Run In A Relaxed Manner

Isn't it funny that we are always getting to somewhere, always doing something; needing to finish this or start that and usually in a rushed and harried manner. Our bodies and minds are programed from birth to achieve and  seek success in this modern society. We are tense, tight and anything but relaxed. Even though I'm a practitioner of mindfulness I still struggle with transferring the mindfulness during sitting practice through to 'being' practice (everyday life). 

This occurred to me today while I trudged along on the treadmill trying to turn myself from a non-runner to a runner. Thud, thud, thud; pant, pant, pant.

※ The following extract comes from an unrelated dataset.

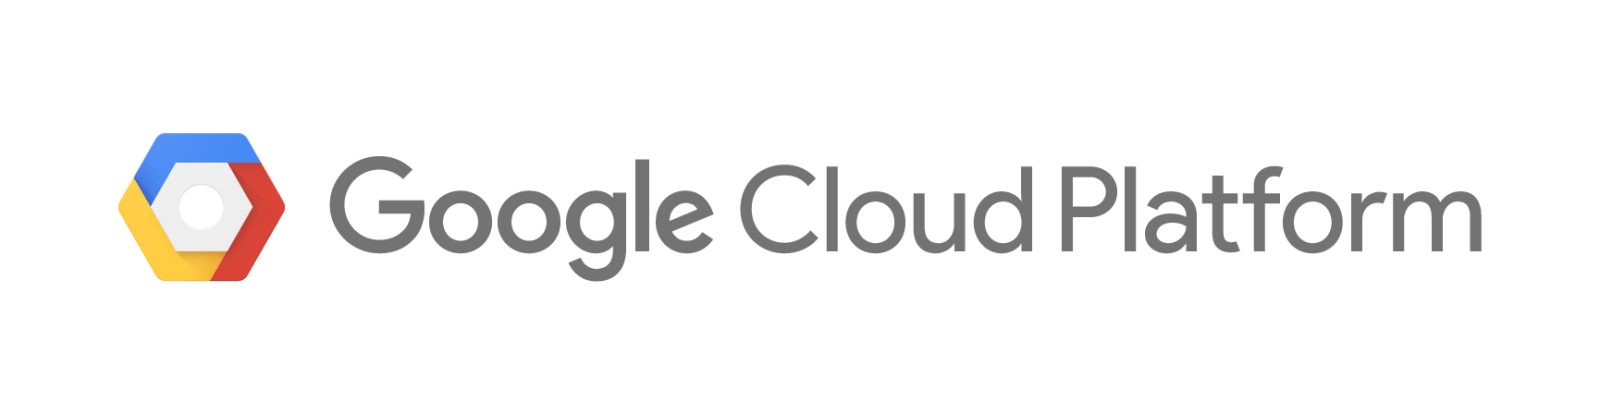 Google Cloud Platform Logo - googlecloudplatform-logo (1) - Google Cloud Premier Partner | G ...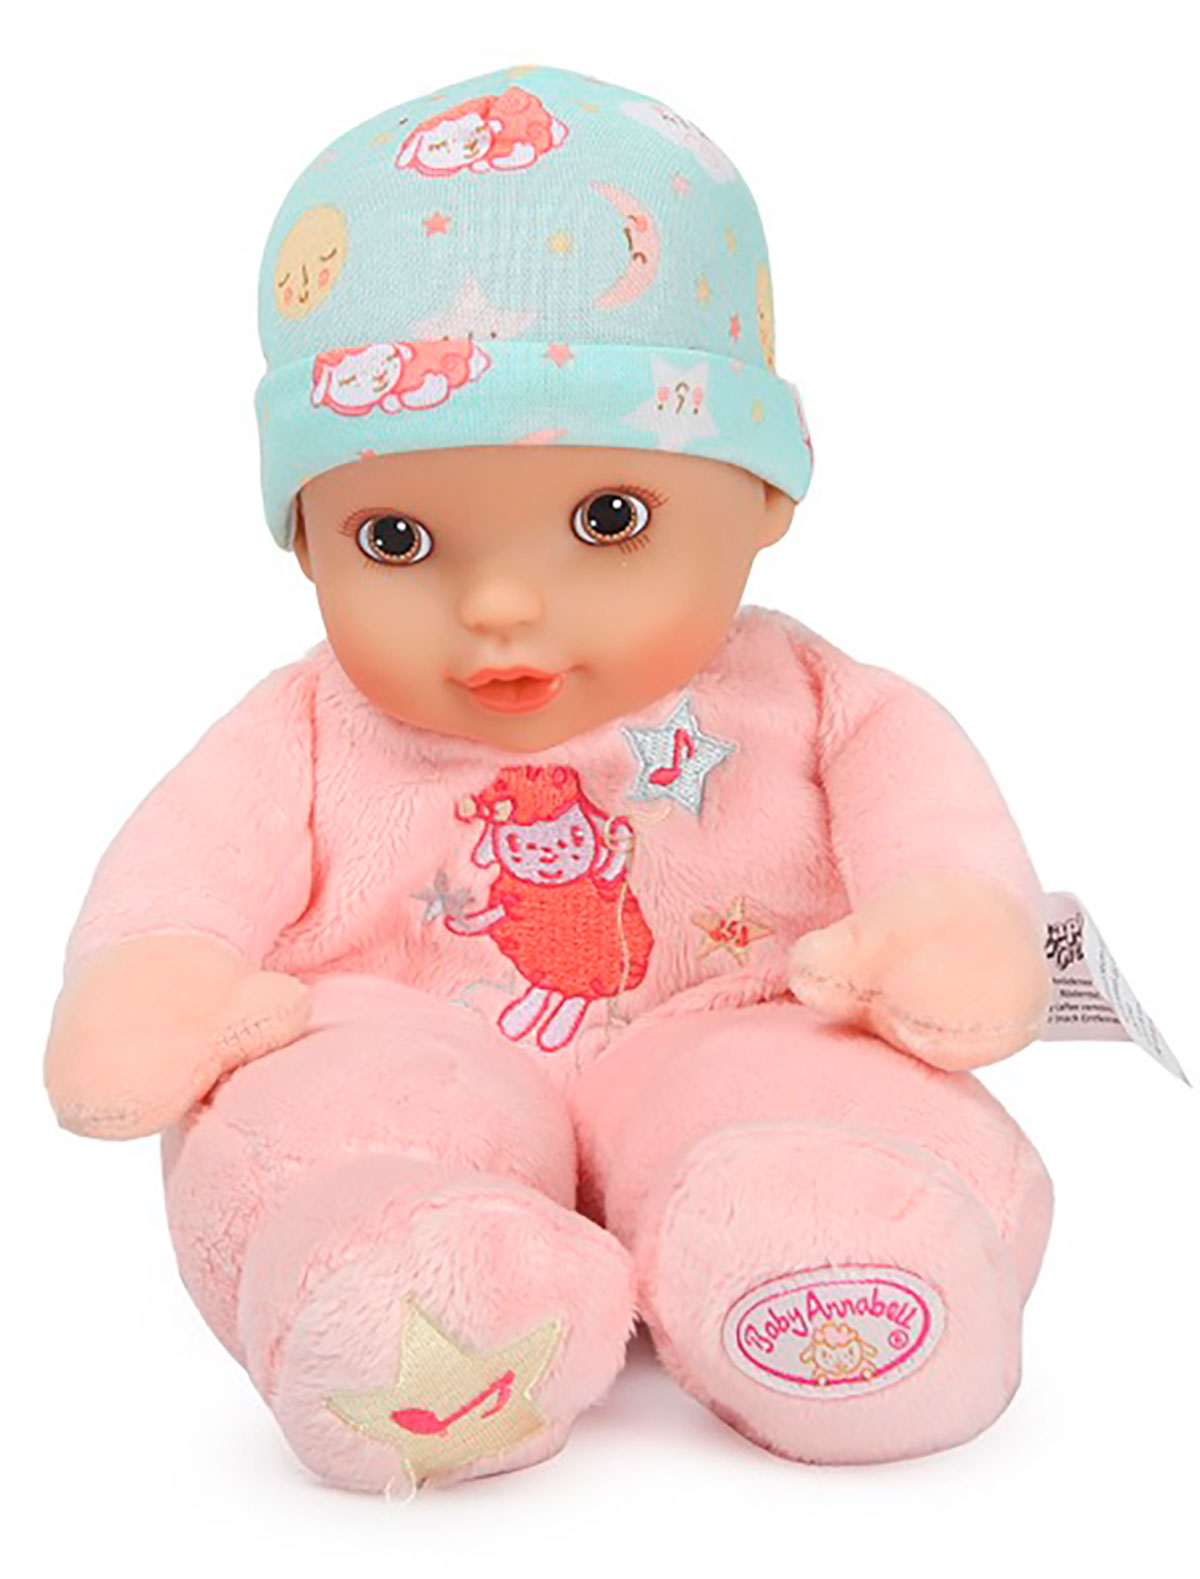 Кукла ZAPF CREATION russia кукла беременная съемный живот с ребенком 30 см b1944729

Teeth gritted, determined with the wise words of, "There is only one way through this... and it's the hard way'. Trying to push from 1 minute running before I drop back to a walk, to 1 minute 30 seconds, to 2 minutes. What a joke when people run for hours and kilometers. So with curiosity I started to play with just relaxing. I began my run focusing on my feet as they hit the treadmill - heel strike, ball of foot and off the toe; moved up to both legs feeling an easy stride, looking for tension and relaxing it; moved up to my body, shoulders, neck, arms, checking in on my lungs - all good. Getting out of my head and 'being' in my body.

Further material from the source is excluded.